On imagine aisément le crève-cœur pour Sofien Bahi que la conservation de la ceinture de champion des mi-lourds de Thomas Faure ne consolera qu’à moitié. Il passera d’ailleurs sa soirée un œil rivé sur ses trois  poulains, l’autre à scruter les niveaux de gel hydroalcoolique ou le passage du moindre grain de sable qui pourrait gripper la machine. La diffusion en direct sur Bip TV, deux résultats nuls, une victoire et la couronne de champion conservées lui donneront heureusement du baume au coeur. Mais pas certain qu’il retentera pareille aventure dans ces conditions.

La « nécropole » Gaston-Petit

 

Mardi 2 février. La température est printanière sur Châteauroux. Voilà plusieurs semaines que la Berrichonne promène la lanterne rouge de stade en stade (alerte spoiler : la venue de Chambly pourtant atomisé 4-0 ne changera rien à l’affaire). Gaston-Petit sonne creux et l’expérience en immersion est particulière : c’est comme si vous étiez posé au milieu de la pelouse, au contact des joueurs le tout en dolby stéréo, 5.0, barre de son et tout le toutim. Mais qu’est-ce que ça cause un joueur sur un pré ! Quant au secret sur les échanges avec l’arbitre, il est largement éventé. En tribune, c’est comme si Sylvain Rogie, le journaliste de France Bleu Berry, commentait sur vos genoux tellement sa voix résonne. Les joueurs hors groupe, eux, ont pour mission de chambrer. Ils tiennent leur rôle à merveille.

C’est déconcertant. Le président Thierry Schoen va même plus loin : «Pendant un huis clos, tu as le plaisir du jeu, mais sans le sel, le poivre et tous les ingrédients qui l’accompagnent : la joie, la peine. Il y a un côté nécropole. Le football, c’est un spectacle, mais sans public ce n’est pas pareil. Et ceux qui sont dans le stade le sont pour un motif professionnel. Bon, quand les résultats ne sont pas là, au moins, tu ne te fais pas engueuler. Mais ça aussi, ça nous manque. Tout est dénaturé.» On vous l’avait dit, deux salles, mais une même ambiance sans saveur même si le spectacle était au rendez-vous. Mais face aux acteurs, les chaises restaient désespérément vides.

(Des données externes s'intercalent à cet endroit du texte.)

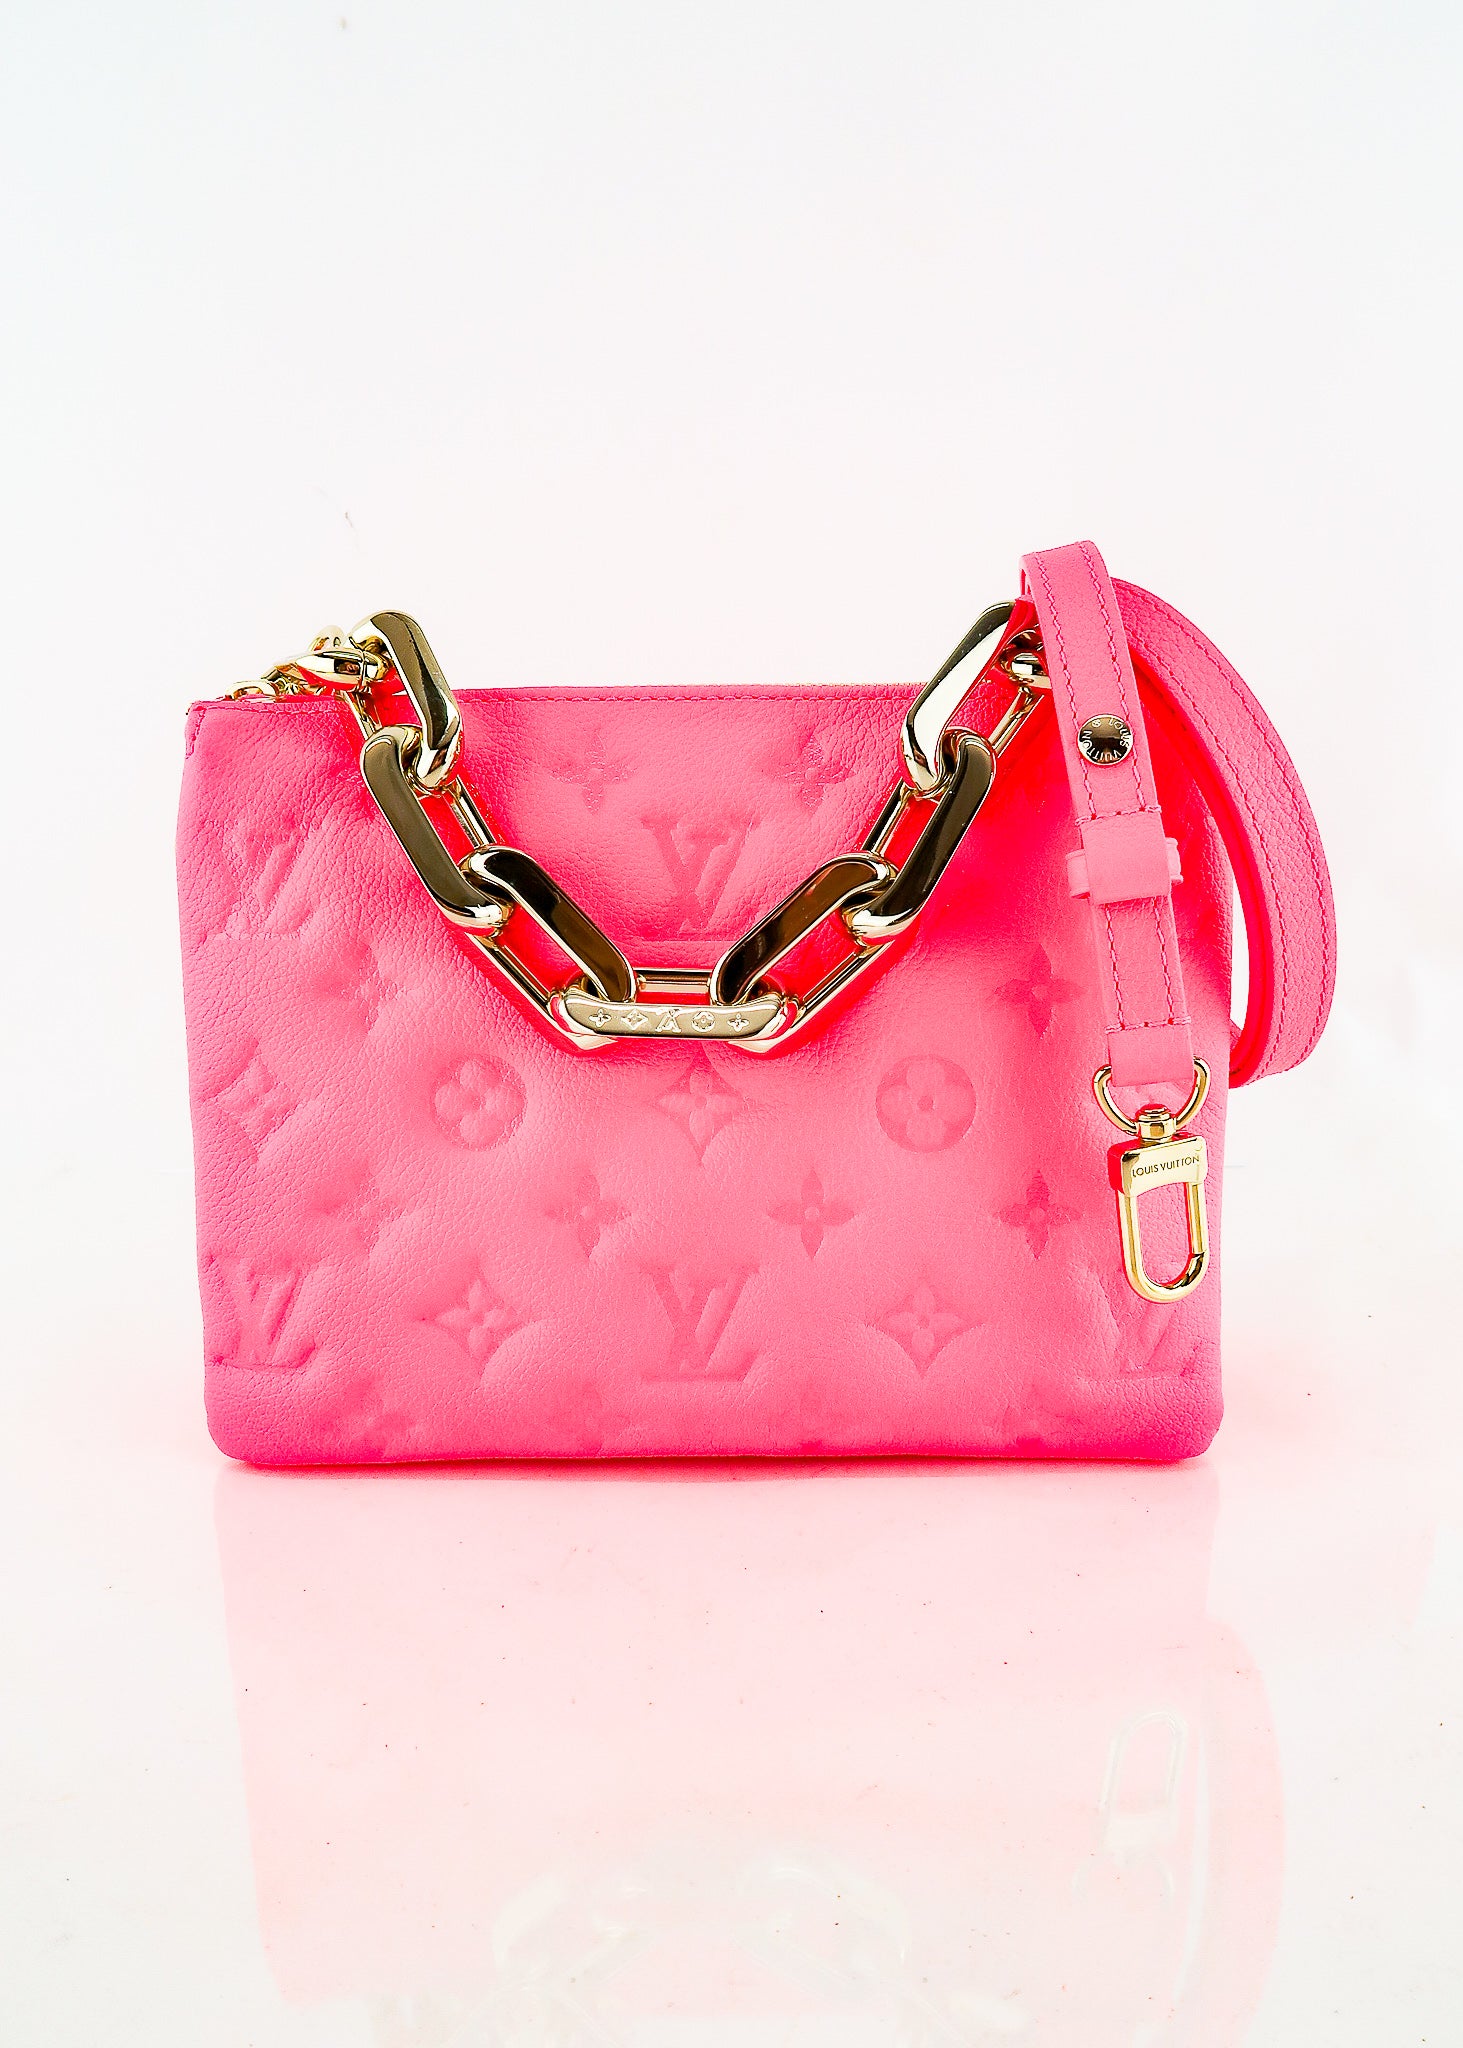 Louis Vuitton - Authenticated Coussin Handbag - Leather Pink Plain for Women, Very Good Condition

Sofien Bahi : «On a réussi !»


Quel sentiment gardez-vous après ce gala de boxe ?
«Je suis forcément très content parce qu’on a réussi là où d’autres dans l’Indre n’avaient malheureusement pas eu cette chance. Il y a la réussite de nos boxeurs aussi, mais elle dépendait de tous ceux qui ont aidé à la réalisation de cette soirée.»

Dans ces conditions, la réussite sportive était-elle indispensable ?
«Sportivement, pour Villaudière, c’est justifié (match nul), pour Zimmer c’est très beau (victoire), en revanche, je ne comprends pas le résultat de Faure (nul). Mais ça ne gâche pas la fête, heureusement.»

Qu’est-ce qui aura été le plus difficile pour vous ?
«Monter un gala dans des conditions pourries ! Mais ça décuple l’envie. On n’avait pas choisi la facilité, mais on s’était dit qu’on allait malgré tout mettre sur pied une belle soirée.»